MATERIAL PROVIDED –
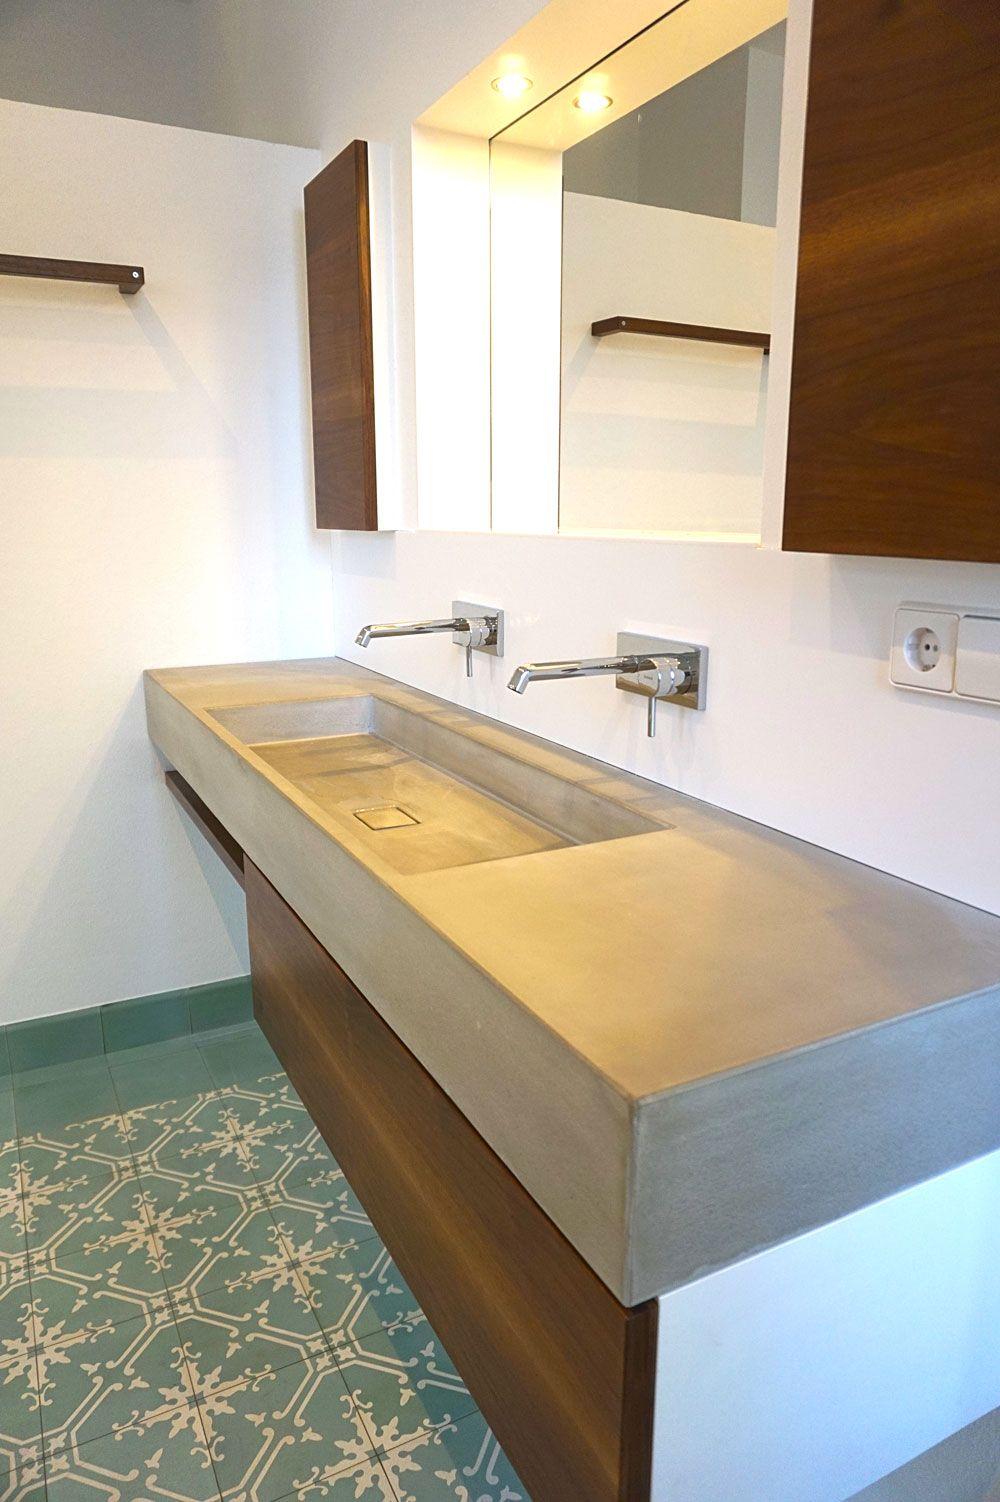 neues bad im denkmal waschtische aus beton betonm bel urbandesigners for the home. Black Bedroom Furniture Sets. Home Design Ideas
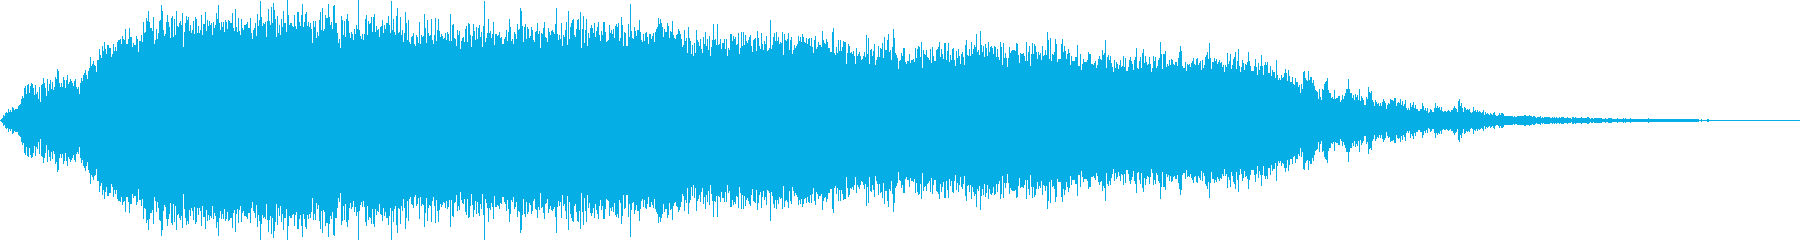 KANT怪獣の鳴き声Long2の再生済みの波形
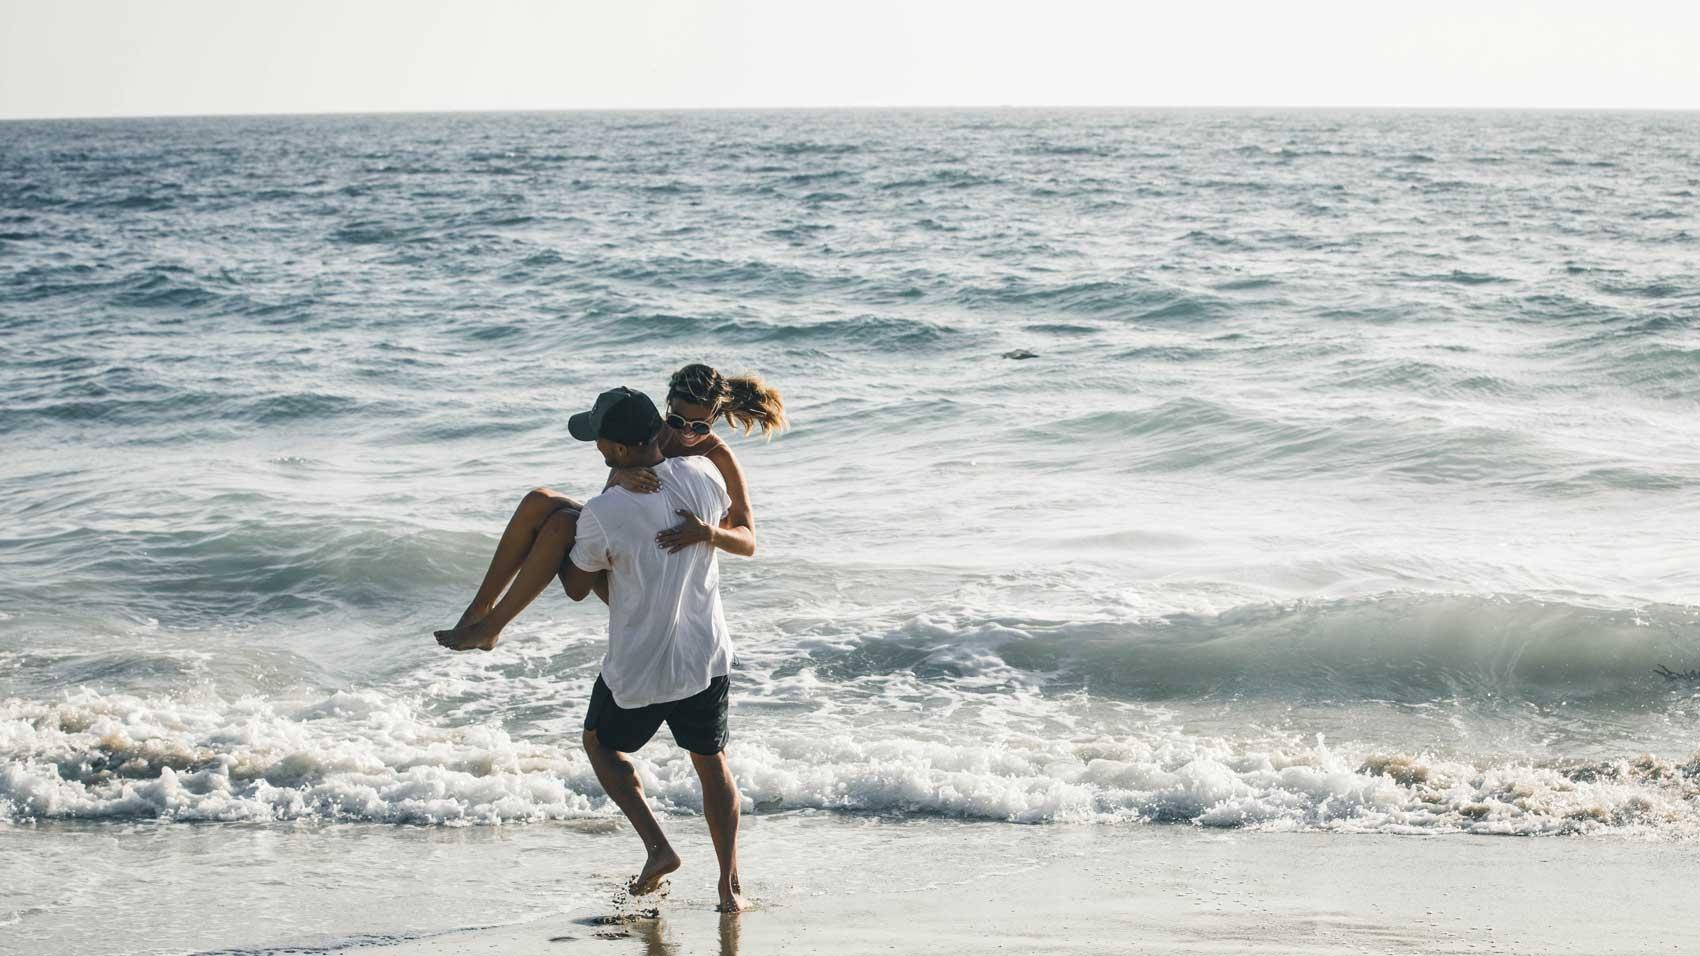 Couple having fun in ocean waves, Romantic getaways USA

WORK TASK –
For this exercise, write the listing out again exactly, excluding all images.

RESPONSE BOX –
 neues bad im denkmal waschtische aus beton betonm bel urbandesigners for the home. Black Bedroom Furniture Sets. Home Design Ideas
 KANT怪獣の鳴き声Long2の再生済みの波形
 Couple having fun in ocean waves, Romantic getaways USA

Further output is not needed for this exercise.